1, first of all, you must do a good job in the math class of this science, and it is best to get 90/ 100. Choose your elective courses as far as possible in the mathematics department, so there may be 10 courses, and it doesn't matter if some courses are slightly lower. According to my tutor, it won't look fake. A little hierarchical, right? For example, I have a course with only 3.3, which makes my GPA of mathematics become 3.95.
2, it is best to take several exams, don't look at a lot of exams. In fact, there are only two: mathematical analysis and advanced algebra (advanced mathematics, linear algebra). Prepare for 2 months. More than 95% is not difficult.
3. The key is interest. Interest doesn't mean you tell the professor:? I am interested in * * *? It means that you really understand * * *, read many related articles, know where the problem lies, know the current progress and who has reached what level, and have your own unreasonable, reasonable and better preliminary ideas, which the professor will see when you are magnetized.
Since you want to transfer, you should teach yourself basic courses, and it is best to use some good teaching materials such as GTM LMSST LNM. In this way, when you befriend the professor, he can immediately see whose book you have read from your text, because I applied for algebra (including many directions, ring theory, group theory, group representation, Lie group, representation theory, algebraic number theory, algebraic geometry), so talk about the books that algebra should read.

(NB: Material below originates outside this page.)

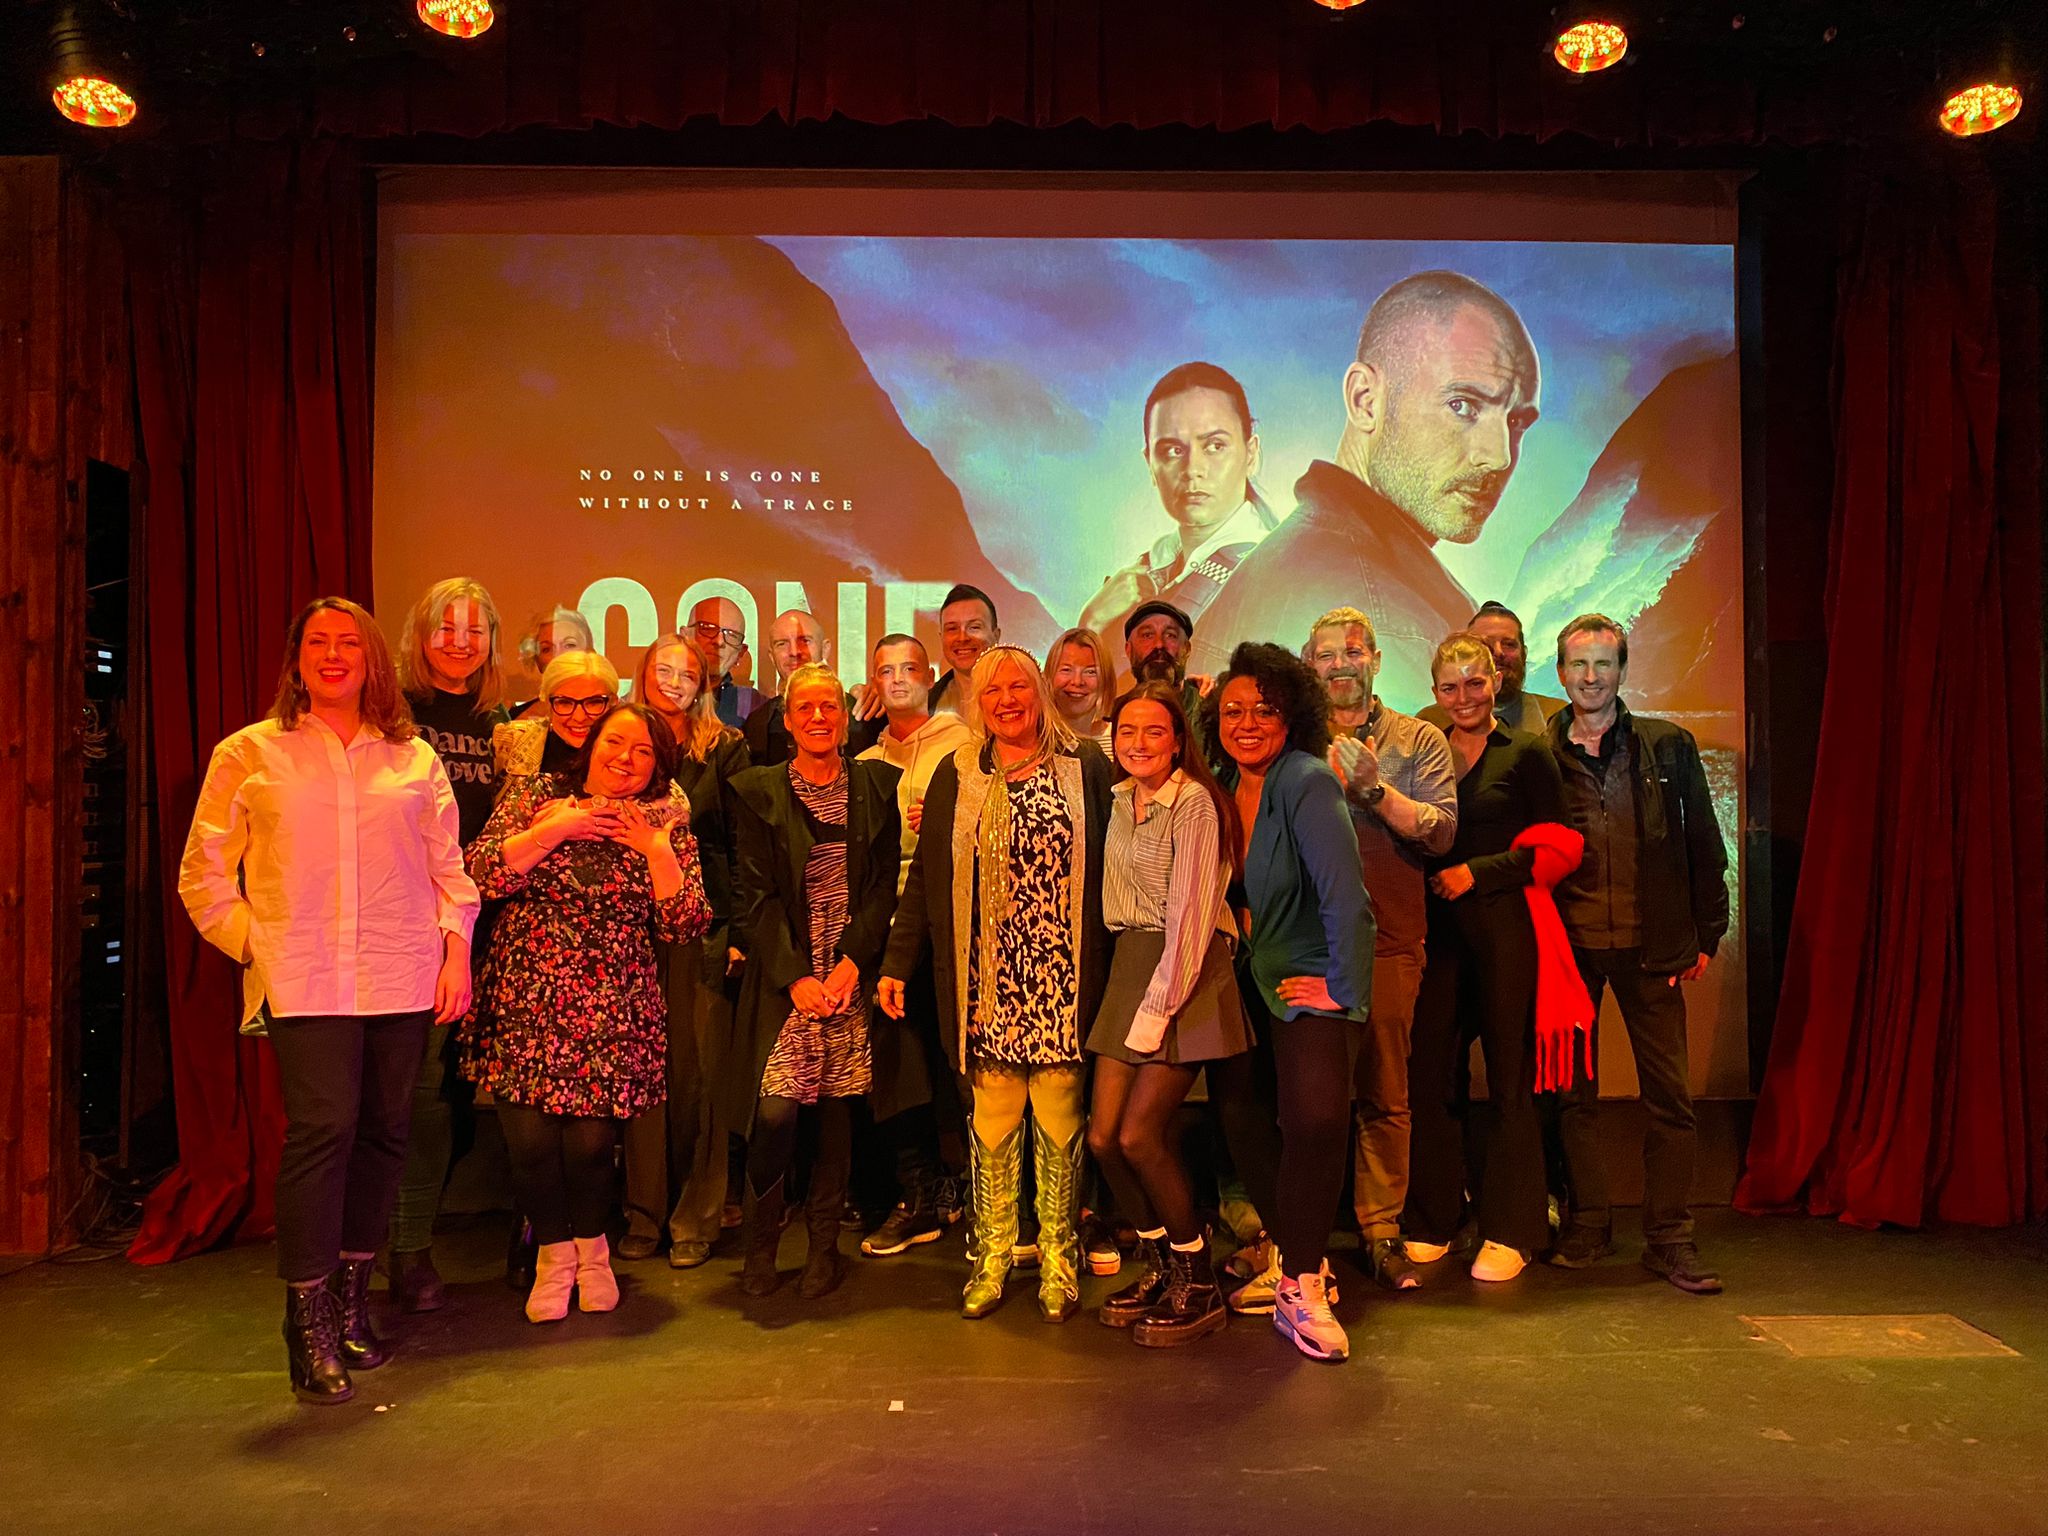 THE GONE Cast and Crew Screening – Main movie still

5, the most basic advanced algebra, abstract algebra will not be said. But you must be familiar with it, and you'd better write a handout about these things yourself. Write it, make it into a PDF, and send it to the professor you want. It could be a surprise. You should read some commutative algebra, module theory and ring theory. No matter which branch of algebra, it will be used a lot. Then Li Qun said that no matter which branch of mathematics must be learned. Then read category theory and homology algebra. After reading these, you can start. In this way, you will have an overall sense of the direction of your application, so that when you write a group of words, you will have a definite aim. How do you show that you have learned these things? The first is to write handouts. I estimate that if you write all this down, your skills will be greatly improved, because you have proved all the details (books such as LNM are generally incomplete and many are easy to see). Secondly, at least 700-800 pages will make you very distinctive, and the professor will think that you are hardworking, interested and inspiring.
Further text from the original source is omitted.